A coal barge is visible on the Ohio River behind President Donald Trump as he speaks about infrastructure at Rivertowne Marina in Cincinnati in 2017.

Months into the Korean War, President Harry Truman capped wages and imposed price controls on the steel industry, seizing authority under a newly passed law to take action in the name of national defense.

Now, more than a half century later, Trump administration officials are considering using the same statute to keep struggling coal and nuclear power plants online, according to four people familiar with the discussions who asked for anonymity to discuss private deliberations.

Under the approach, the administration would invoke sweeping authority in the 68-year-old Defense Production Act, which allows the president to effectively nationalize private industry to ensure the U.S. has resources that could be needed amid a war or after a disaster.

Senator Joe Manchin, a Democrat from West Virginia, urged President Donald Trump to employ the statute in a letter Wednesday.

“If you don’t have the grid filled with the power that’s needed 24/7, you’re in trouble,” he said in an interview. It’s “an emergency national concern and for the national defense of our country.”

Trump campaigned on a promise to bring back coal that is increasingly being edged out of the U.S. power market by cheap, cleaner-burning natural gas.

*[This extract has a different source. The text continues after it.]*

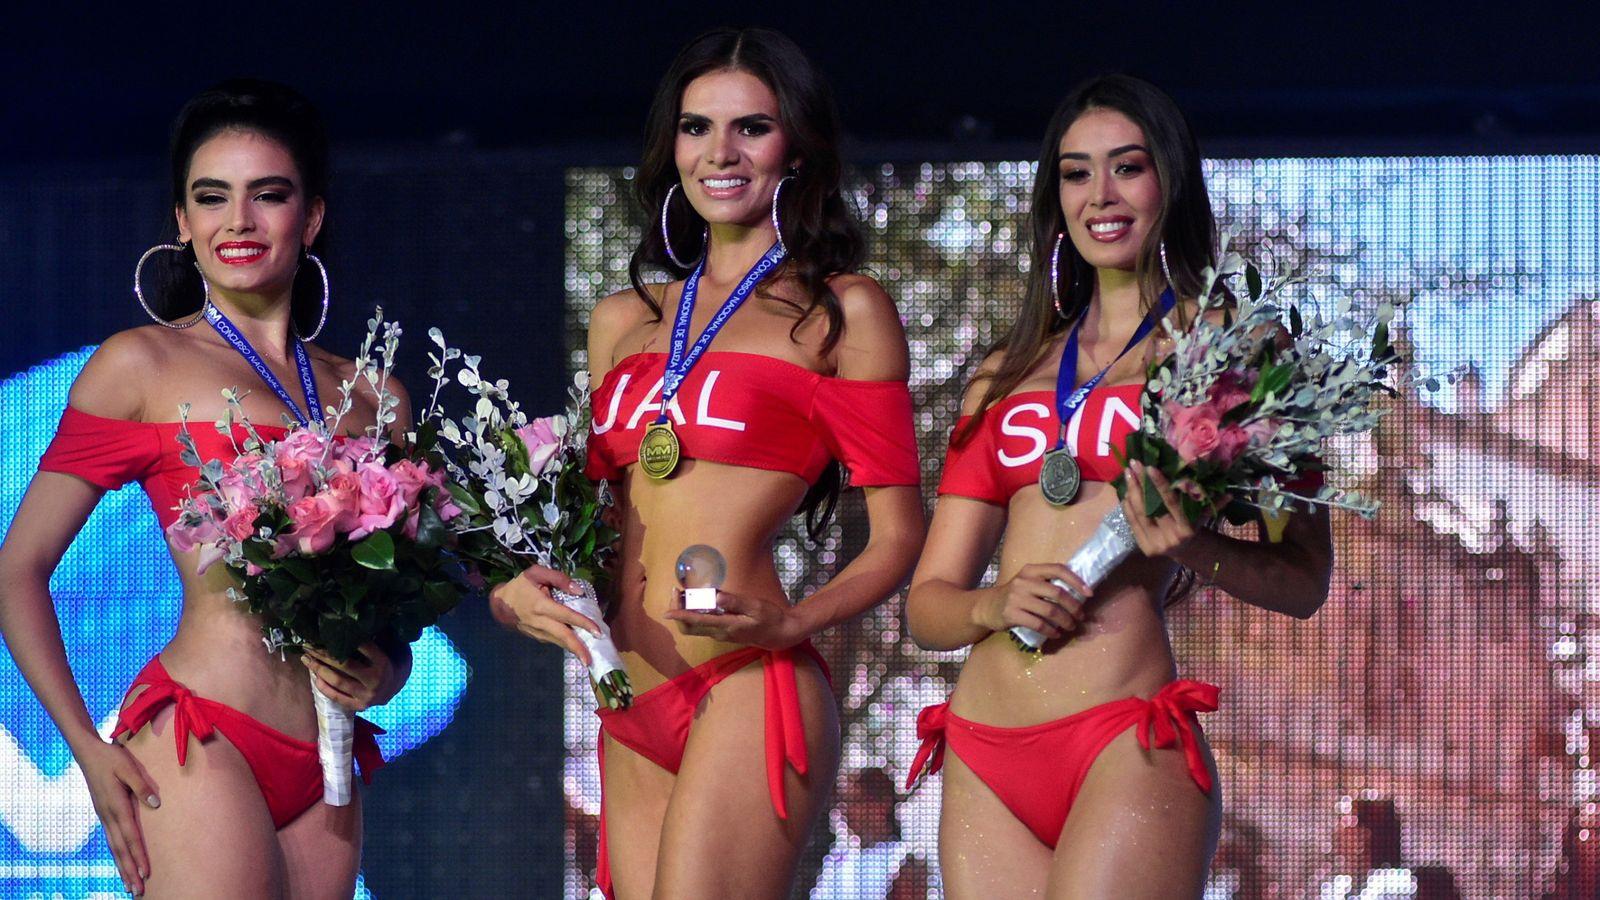 Gần nửa thí sinh của cuộc thi Hoa hậu Mexico 2021 mắc Covid-19 - 1

But the administration has struggled to find an approach that can survive scrutiny from the courts and independent energy regulators. A proposal to subsidize some power plants was unanimously rejected by the Federal Energy Regulatory Commission in January. And doubts have risen within the White House about a request by a FirstEnergy Corp. subsidiary for the government to declare a grid emergency and guarantee profits for coal and nuclear plants using a legal authority generally reserved for emergencies such as war.

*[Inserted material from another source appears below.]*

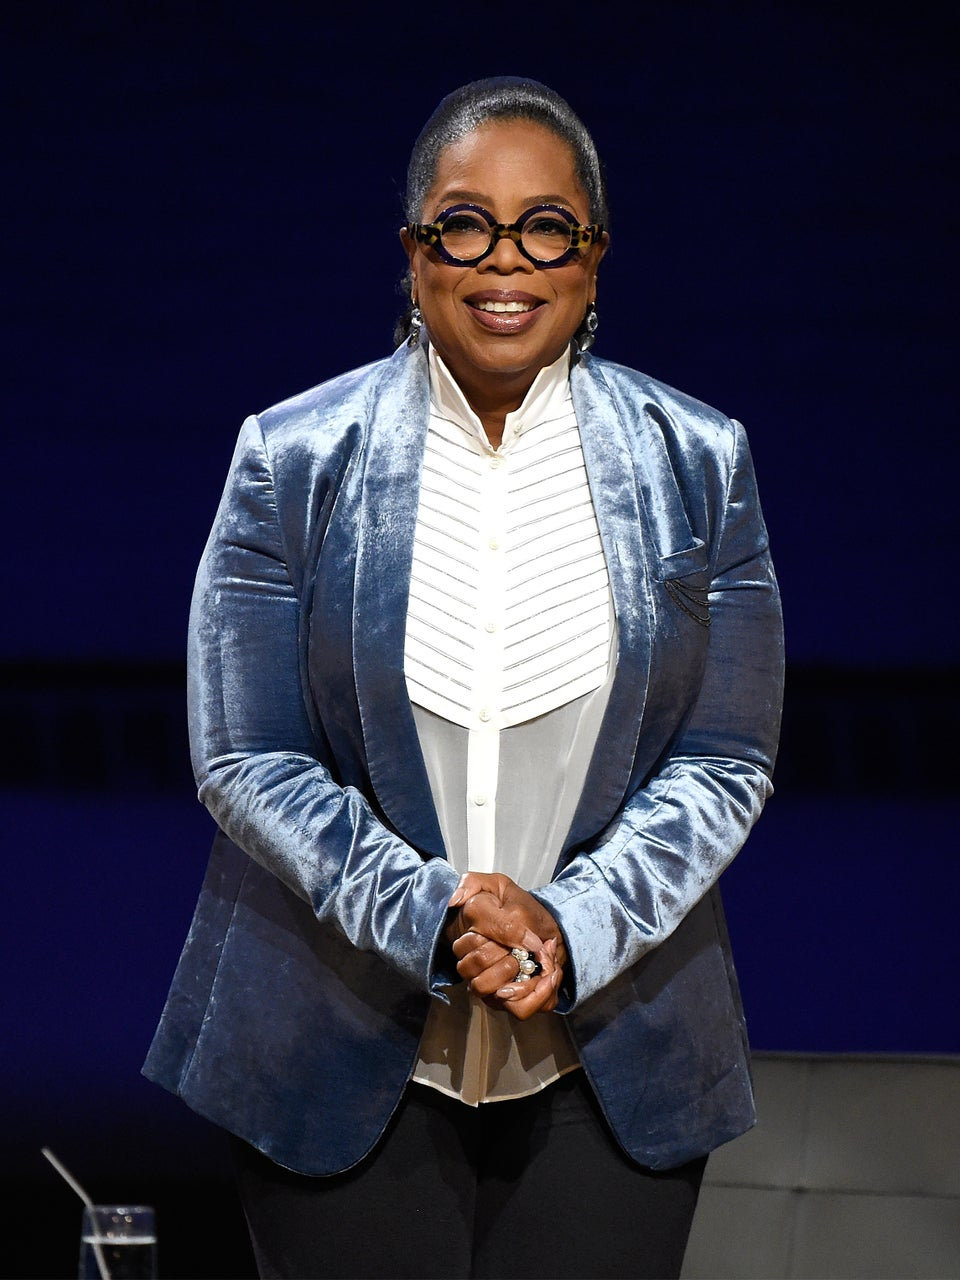 Oprah Winfrey Is Definitely Not Running For Office

Administration officials are researching the law that Truman invoked on behalf of steel as a possible alternative. The statute classifies energy as a “strategic and critical material” and gives the president wide latitude to protect providers, including by ordering businesses to accept contracts for materials and services. It was previously invoked in 2001 to keep natural gas flowing to California utilities to avoid electrical blackouts.

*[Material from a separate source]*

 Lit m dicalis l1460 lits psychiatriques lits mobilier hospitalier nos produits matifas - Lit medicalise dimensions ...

“This would extend the statute far beyond how it’s ever been used before,” said Ari Peskoe, director of the Electricity Law Initiative at Harvard University. “This statute did not contemplate the sort of use that apparently now the administration is considering.”

The law allows the president to allocate and prioritize contracts for materials, equipment and services. It also empowers the president to provide incentives to modernize and expand the production capacity of critical resources such as energy — including buying equipment for private companies to use.

The Defense Department, for example, bought semiconductor manufacturing equipment so companies could churn out radiation-hardened microelectronics used by the military — such a niche market that businesses might not have made the investment on their own. It has also been deployed to fund research and procurement projects in lithium ion batteries, lightweight ammunition and other technologies.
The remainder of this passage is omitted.